Databricks Huggingface Simplifies Open-Source AI Development

Author

Posted Nov 13, 2024

Reads 1.2K

A Person Holding a Cellphone with Logo on the Screen
Credit: pexels.com, A Person Holding a Cellphone with Logo on the Screen

Databricks and Hugging Face have partnered to make open-source AI development more accessible. This collaboration brings together the power of Databricks' unified data engineering and analytics platform with Hugging Face's Transformers library.

Databricks provides a scalable and secure environment for data engineering and analytics, while Hugging Face's Transformers library offers a wide range of pre-trained models and a simple interface for building and deploying AI models.

With this partnership, developers can now leverage the strengths of both platforms to build and deploy AI models more efficiently.

Getting Started

Databricks is a fast, easy, and collaborative platform for data and AI teams. It's built on top of Apache Spark, which makes it a great choice for big data processing.

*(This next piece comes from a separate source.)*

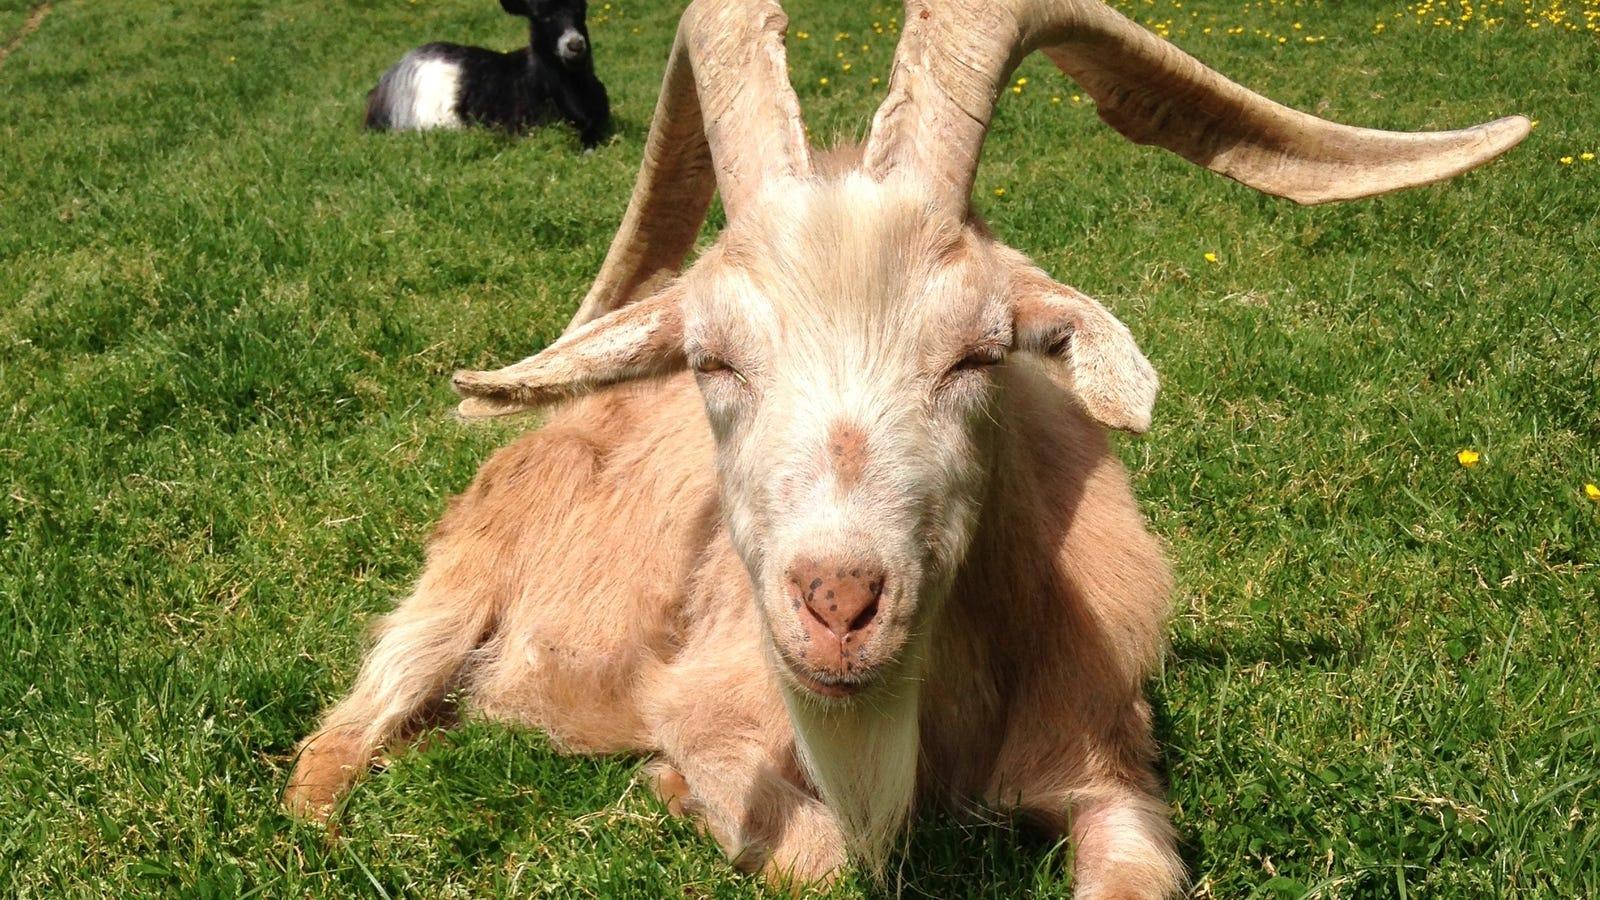 A las cabras no les gusta tu cara gruñona

To get started with Databricks and Hugging Face, you'll need to create a Databricks account and log in to the Databricks workspace. This will give you access to the Databricks notebook interface, where you can write and run Python code.

Credit: youtube.com, Running a Hugging Face LLM on your laptop

Databricks is compatible with popular libraries like Hugging Face Transformers, which makes it easy to integrate with pre-trained models. You can use the Transformers library to load and use pre-trained models in your Databricks notebooks.

Hugging Face Transformers is a library of pre-trained models for natural language processing and computer vision tasks. It's a great resource for anyone looking to get started with AI and machine learning.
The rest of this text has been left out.